Нельзя сказать, что венгерский вариант оперетты Кальмана совсем не отличался от оригинала, впервые поставленного в Вене в 1924 году. Например, как уже мог заметить внимательный читатель этой рецензии, авторы будапештского спектакля объединили в одном лице двух персонажей – Иштвана Либенберга, друга графа Тасилло, и выдуманного Марицей жениха – Кальмана Зупана, чье имя взято ею с афиши оперетты «Цыганский барон» И. Штрауса-младшего (еще одна цитата!). Здесь Зупан не материализуется внезапно, а становится персонажем розыгрыша Марицы, устраиваемого Тасилло и Иштваном и разрешающегося счастливым появлением новой любовной пары.

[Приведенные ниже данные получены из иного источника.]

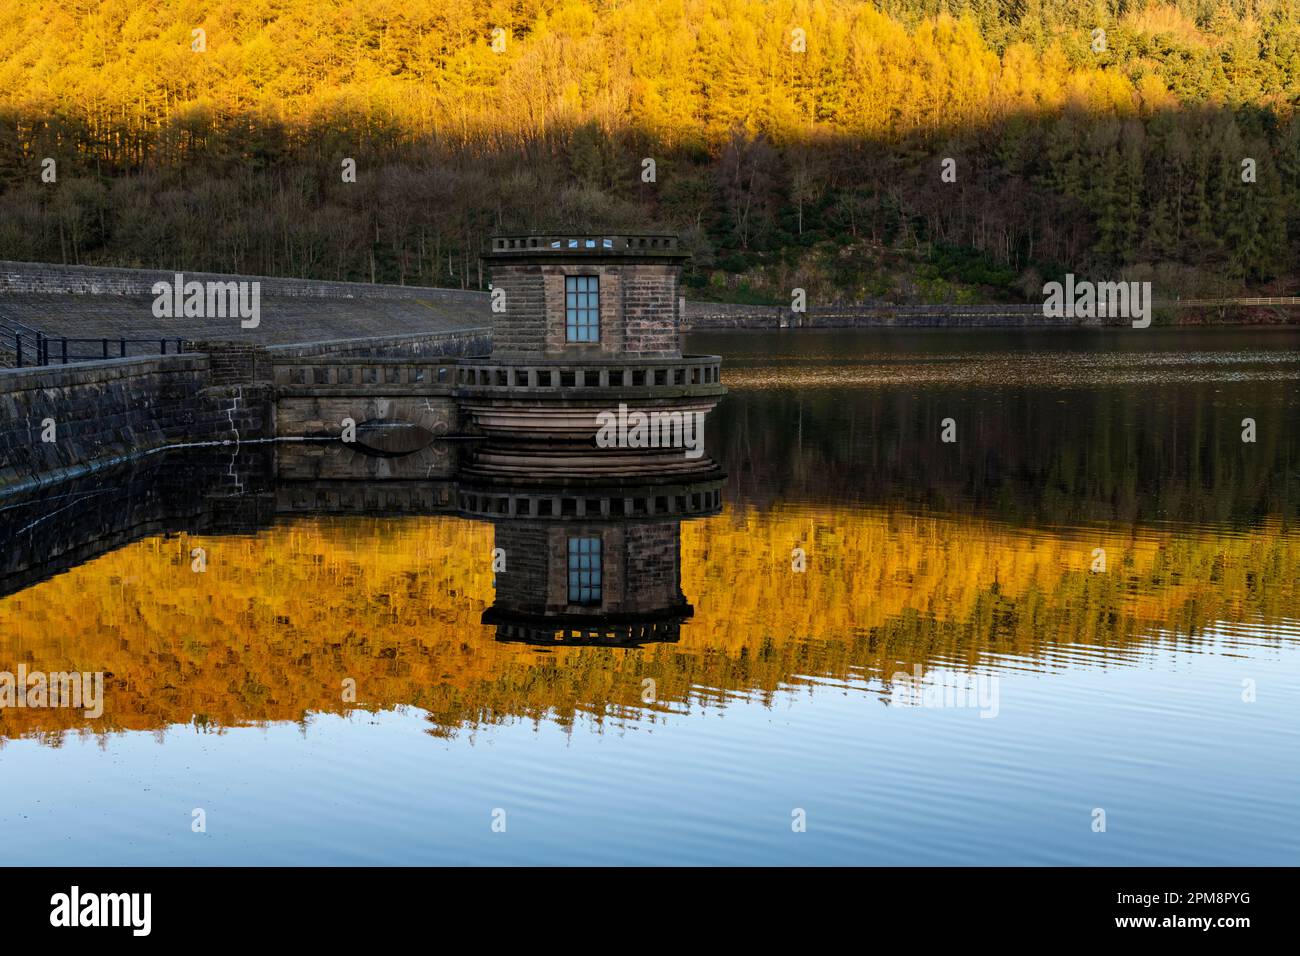 Draw off tower at Ladybower reservoir in the Peak District national park, Derbyshire, England. Stock Photo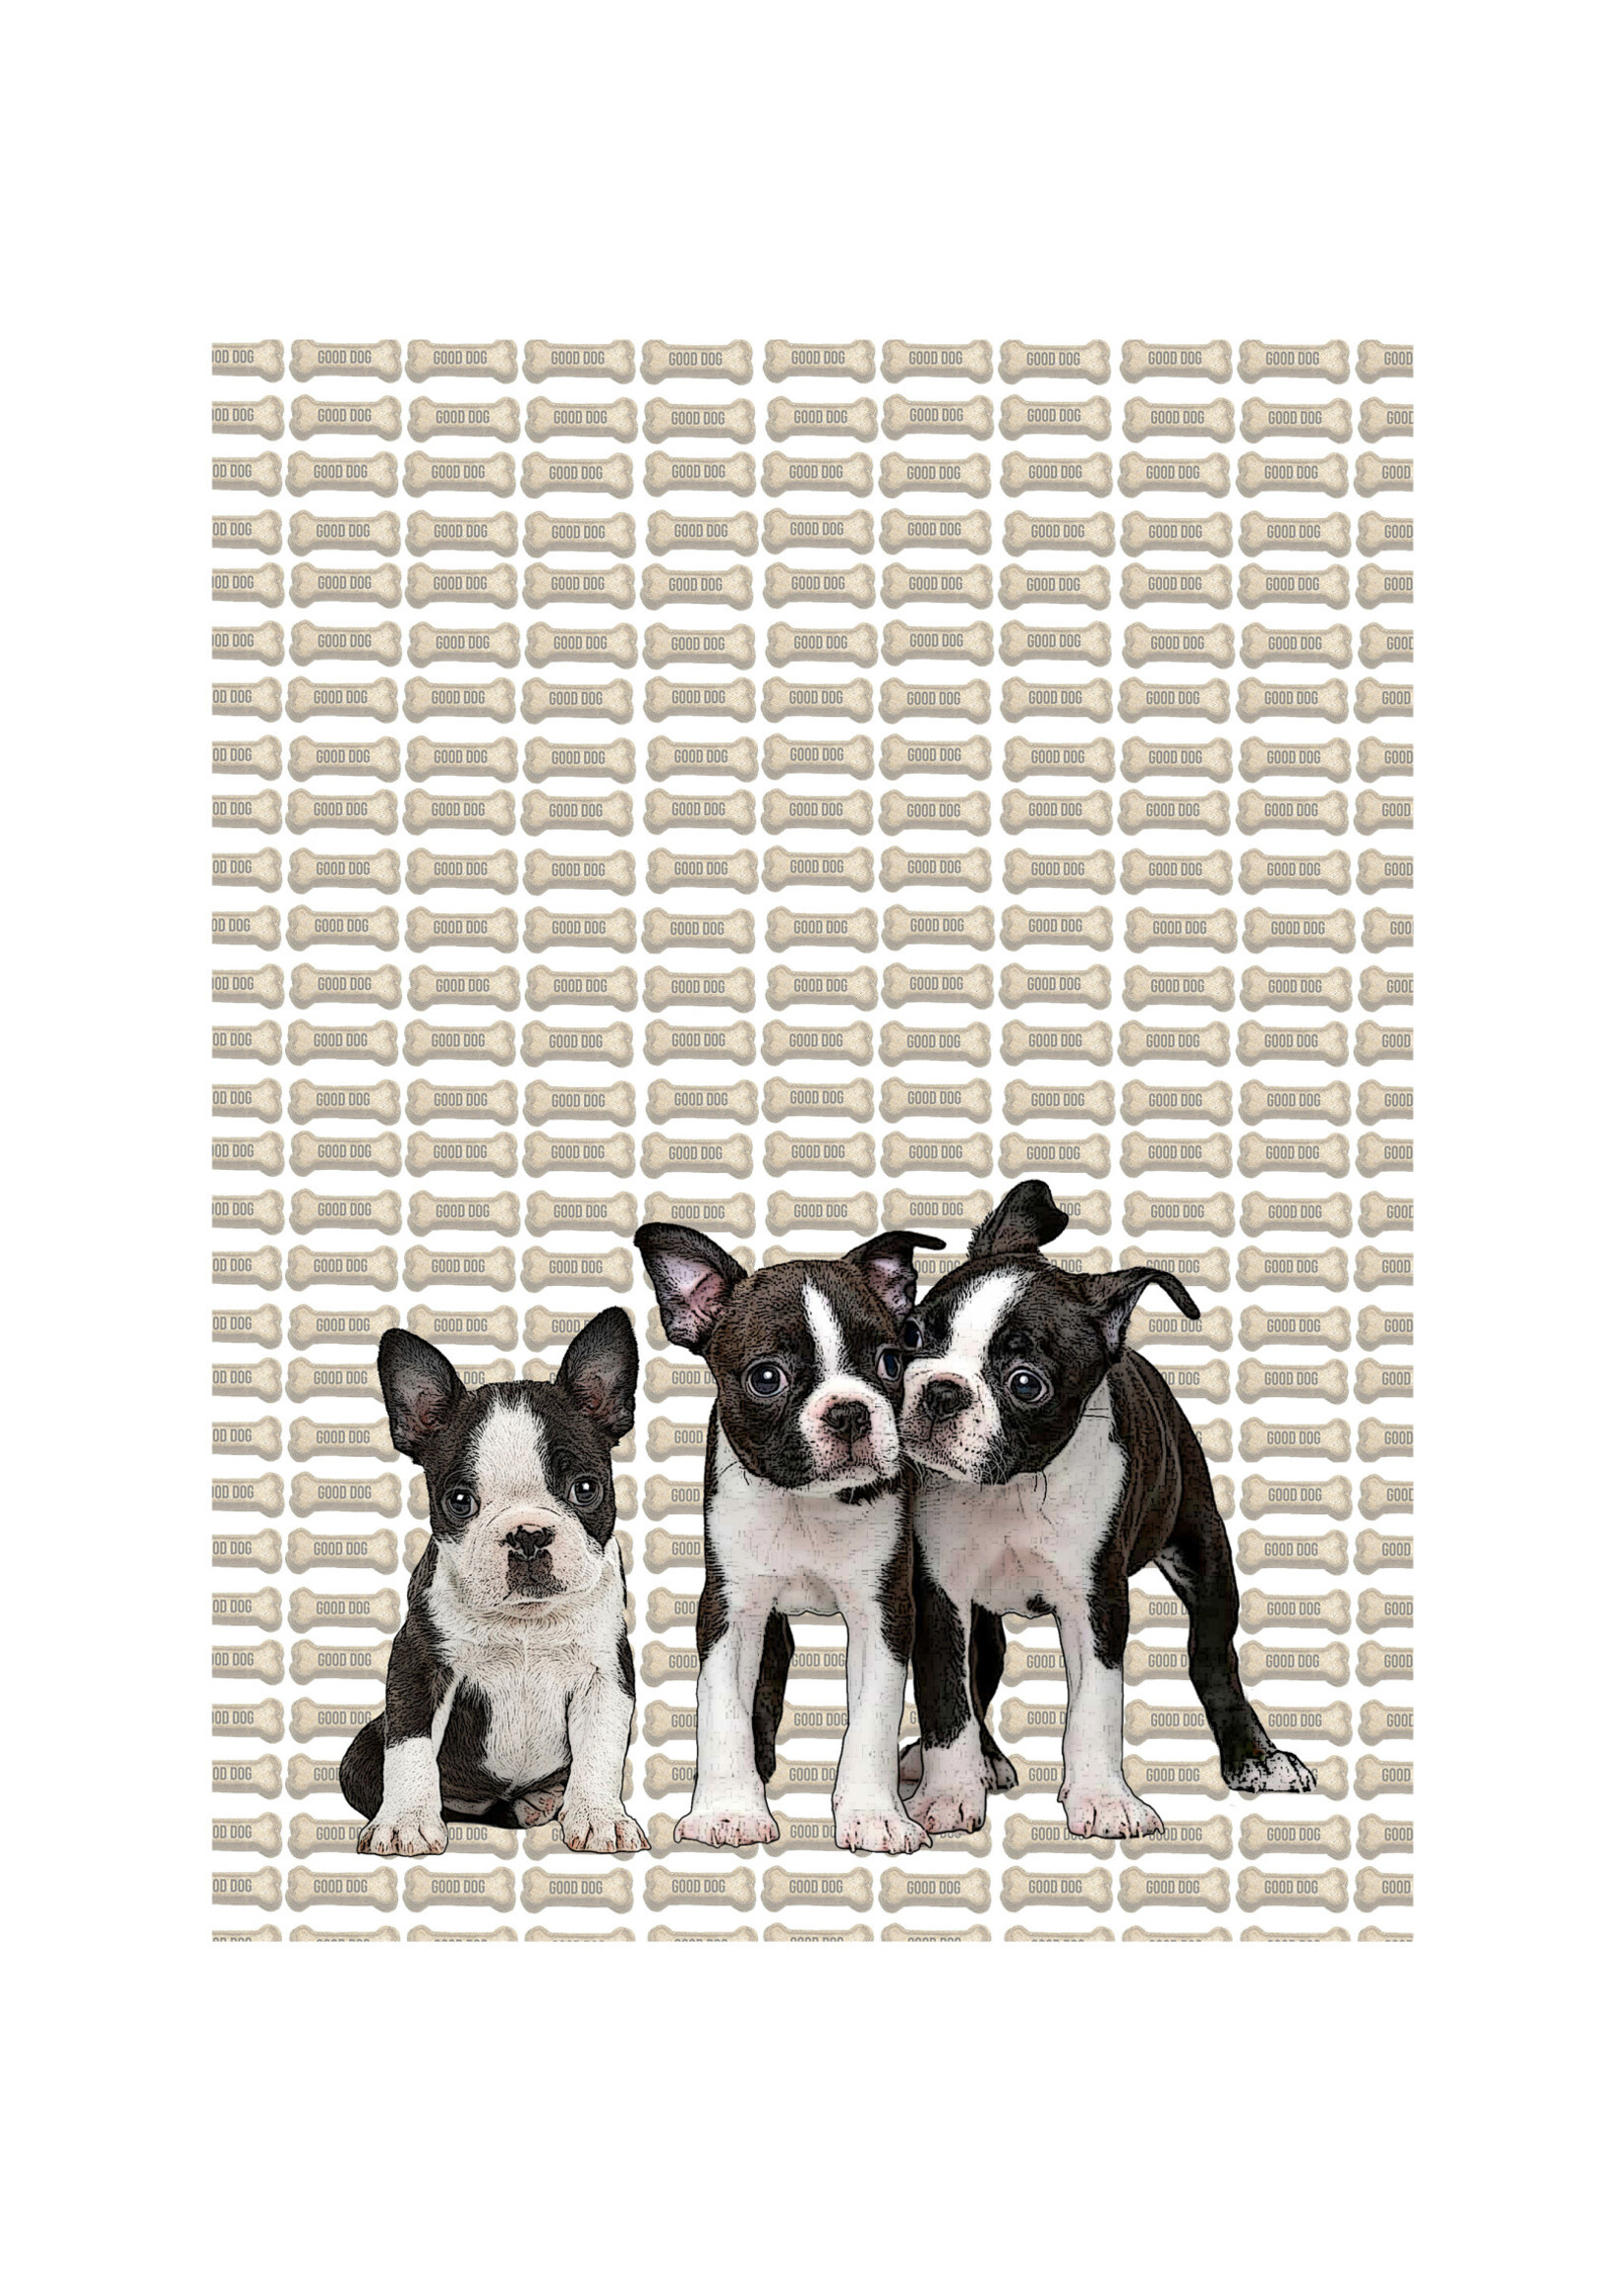 Alphie and Ollie boston terrier puppy kitchen towel 18 x 24 inches flour sack material

Что ж, надо признать этот ход вполне в духе игровой природы самого жанра, предусматривающей всяческие переодевания и подмены. Да еще я заметил, что венгерские артисты со смаком обыгрывали созвучие имени этого мнимого персонажа с псевдонимом автора оперетты.
Кстати, а как вообще с разговорными диалогами на венгерском языке для израильской публики? Хотя весь спектакль сопровождался титрами на иврите и на английском, реплики сменяли друг друга с такой скоростью, что следить за действием и одновременно читать текст на экранах над сценой и по бокам от нее временами становилось трудновато. Впрочем, зная сюжет из синопсиса в буклете, можно было особенно не вникать в подробности, тем более что в чисто театральном смысле игралось все с таким смаком, что казалось, будто начинаешь даже понимать незнакомый язык. А ключевые и наиболее остроумные реплики, особенно к концу действия, когда комичность сюжета возрастает, венгерские артисты умудрились произносить… на иврите! Как они смогли выпаливать немалое количество текста на абсолютно не родственном языке, не теряя куража и темпа? Видно, это и есть профессионализм, которому жанр учит тех, кто уважает его законы.
В общем, цитируя того же Тувима: «Пение, музыка, танец, связанные живым и пульсирующим ритмом, могут создать в театре явление чудесное и увлекательное». И для этого совершенно не нужно приканчивать «старую идиотку оперетту».